*** EXCERPTED RECORDS Section Begins ***

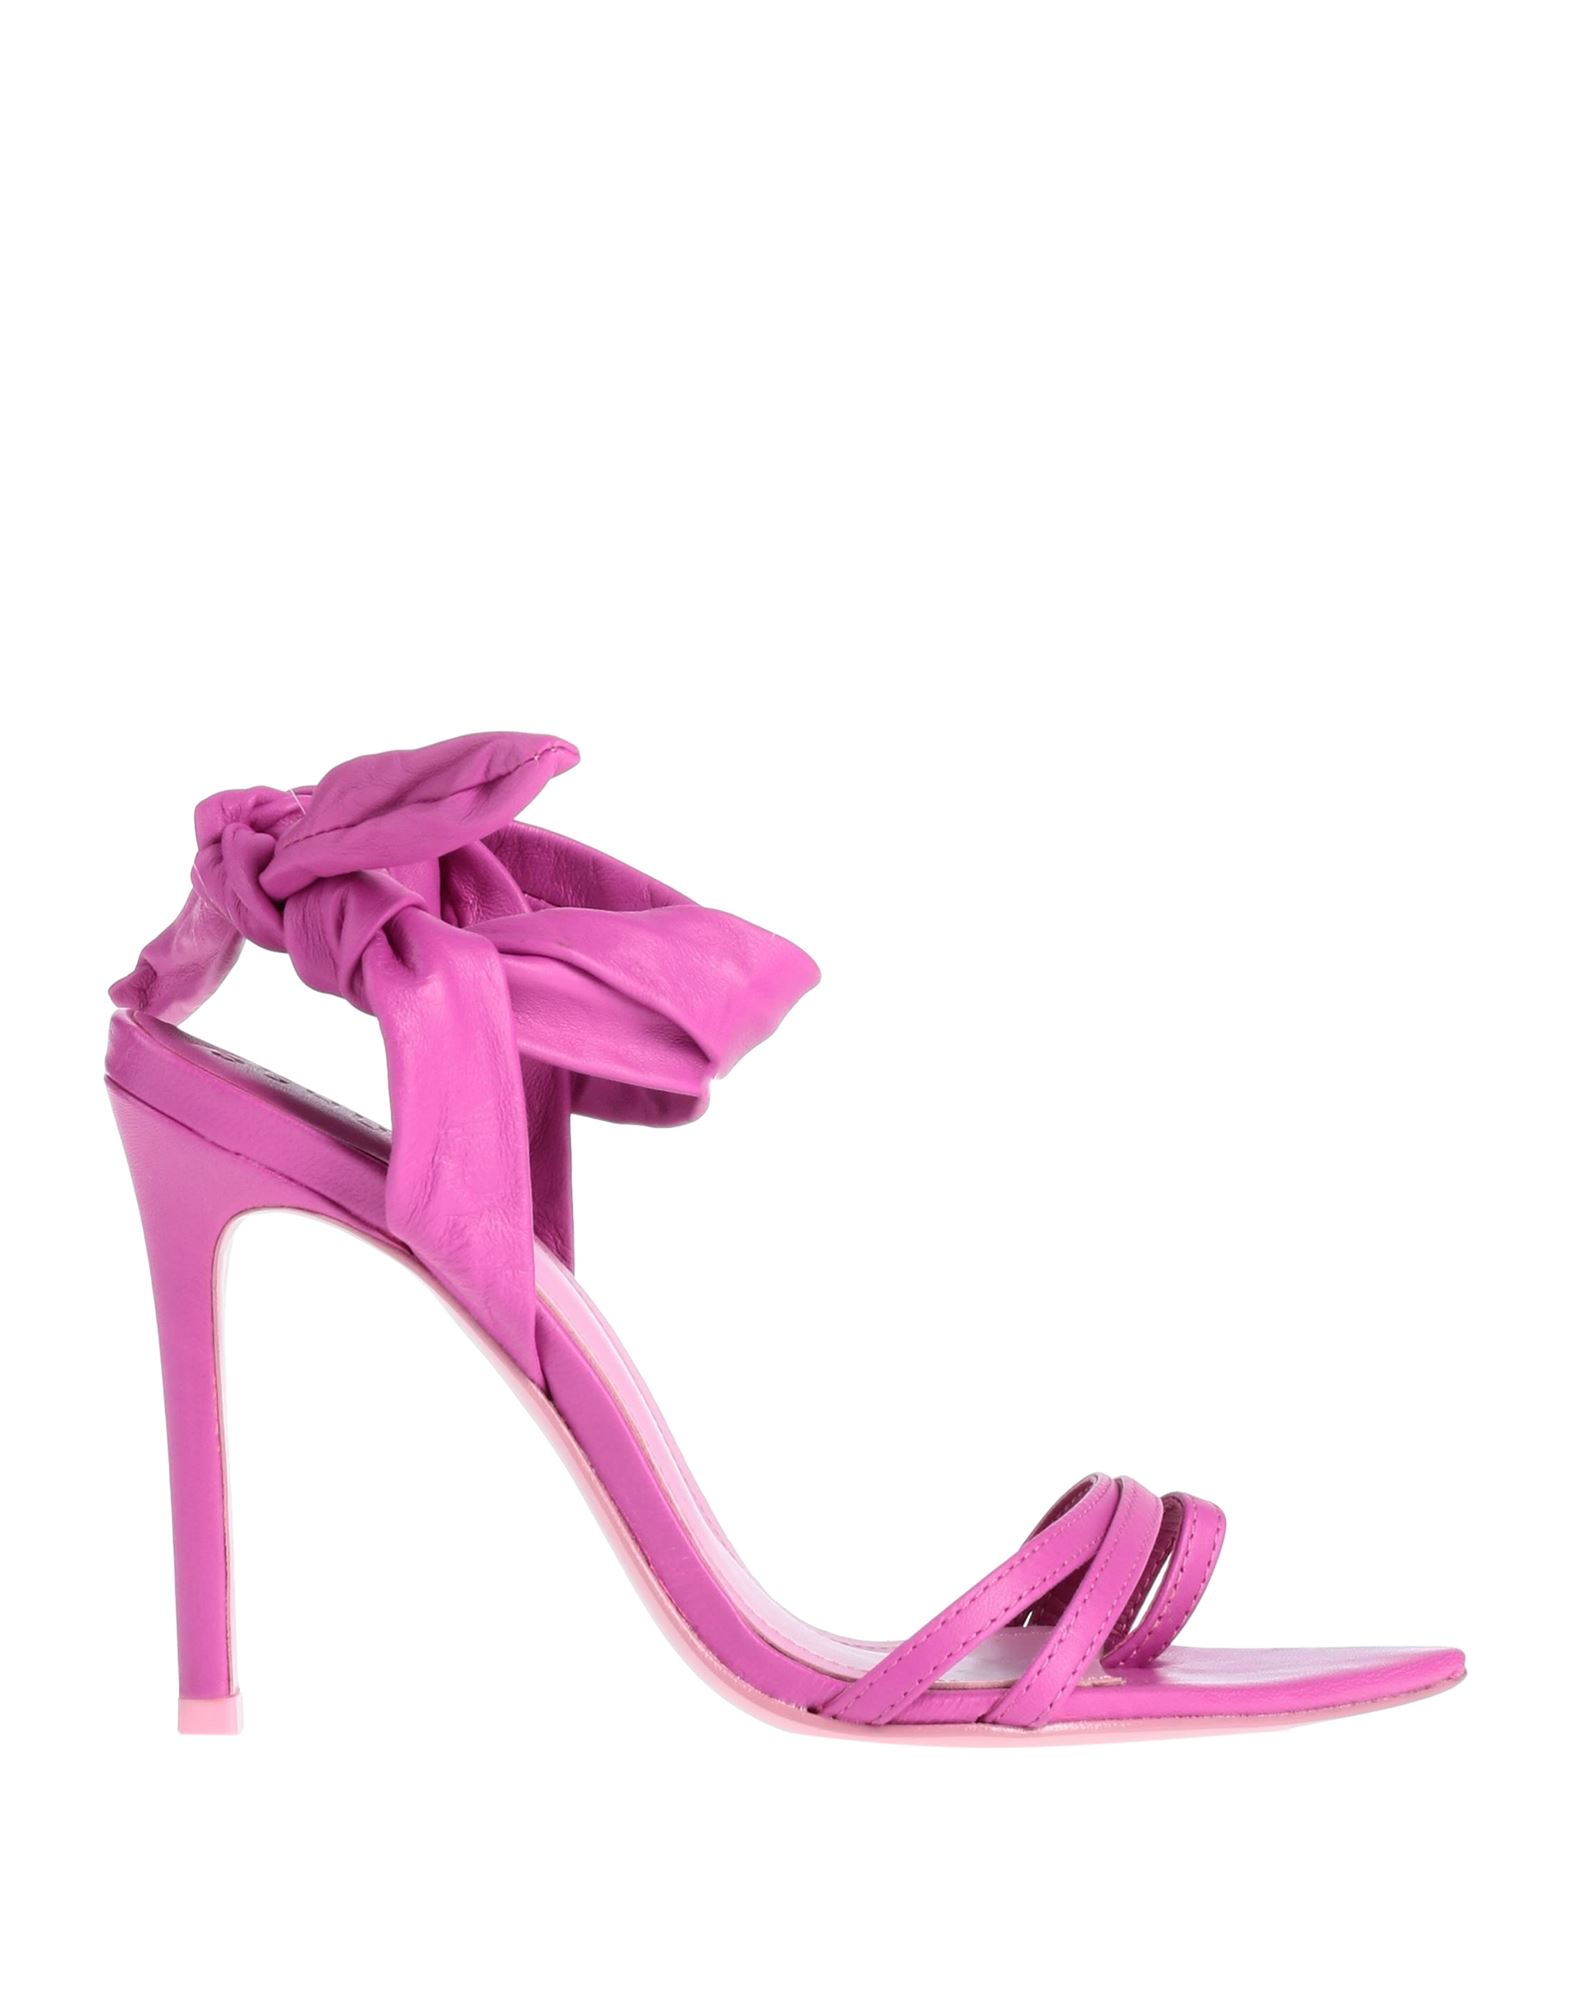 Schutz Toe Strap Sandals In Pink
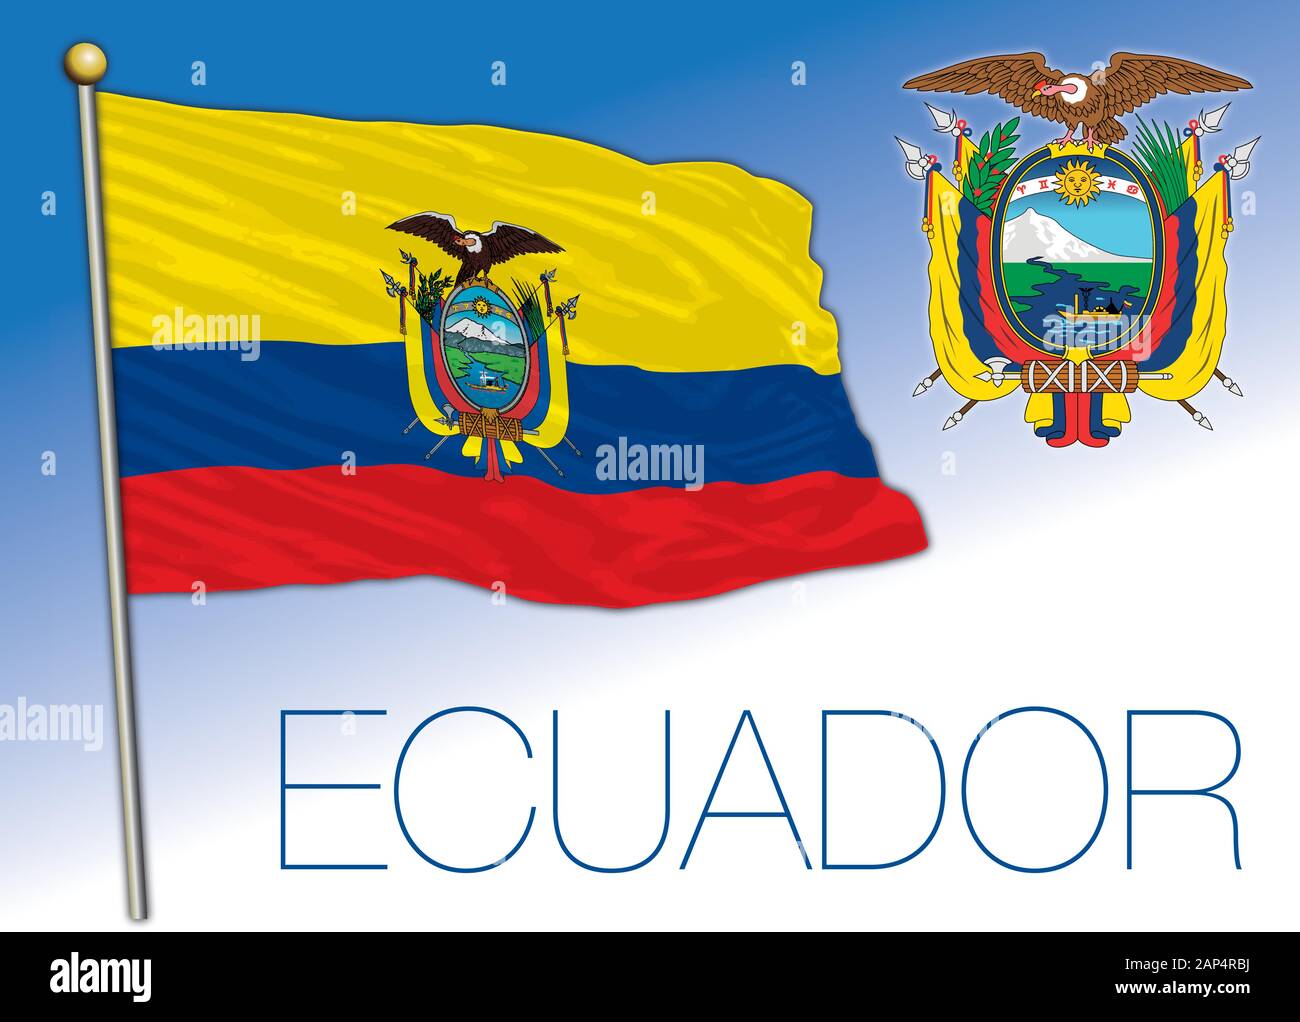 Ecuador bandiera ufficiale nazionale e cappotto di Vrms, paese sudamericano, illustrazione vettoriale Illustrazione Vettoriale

*** EXCERPTED RECORDS Section Ends ***
*** EXCERPTED RECORDS Section Begins ***

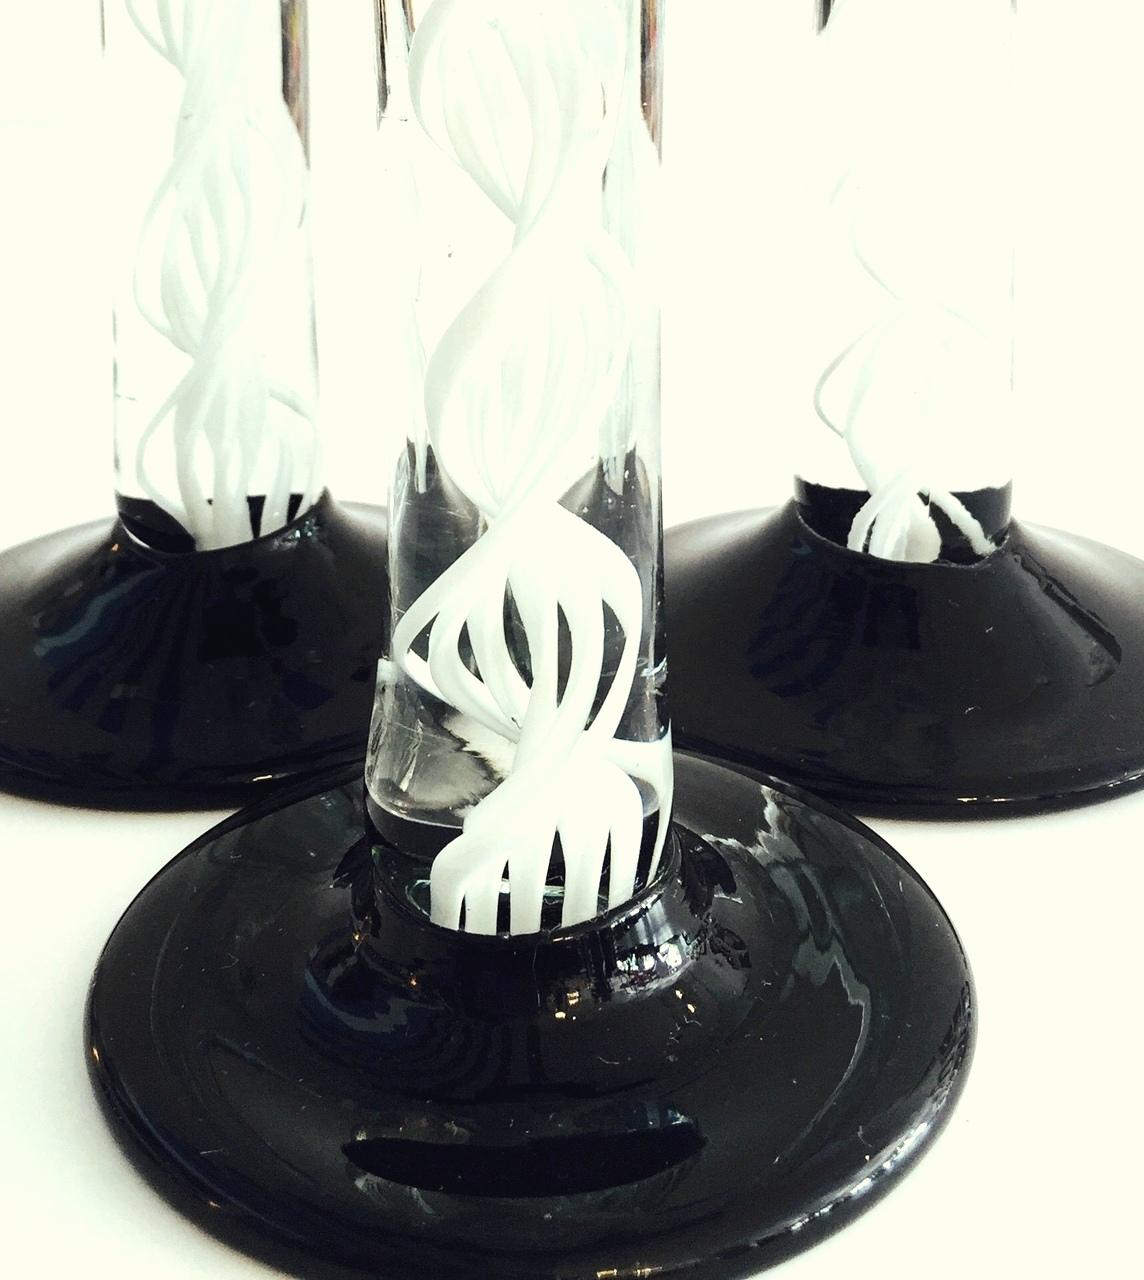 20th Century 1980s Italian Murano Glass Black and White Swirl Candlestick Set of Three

*** EXCERPTED RECORDS Section Ends ***

Every line from the one with "Schutz Toe Strap Sandals In Pink" through the one with "Ecuador bandiera ufficiale" is to be reproduced exactly as written above, and the pictures are to be dropped.

* **RESULT OF THIS EXERCISE**:
 Schutz Toe Strap Sandals In Pink
 Ecuador bandiera ufficiale nazionale e cappotto di Vrms, paese sudamericano, illustrazione vettoriale Illustrazione Vettoriale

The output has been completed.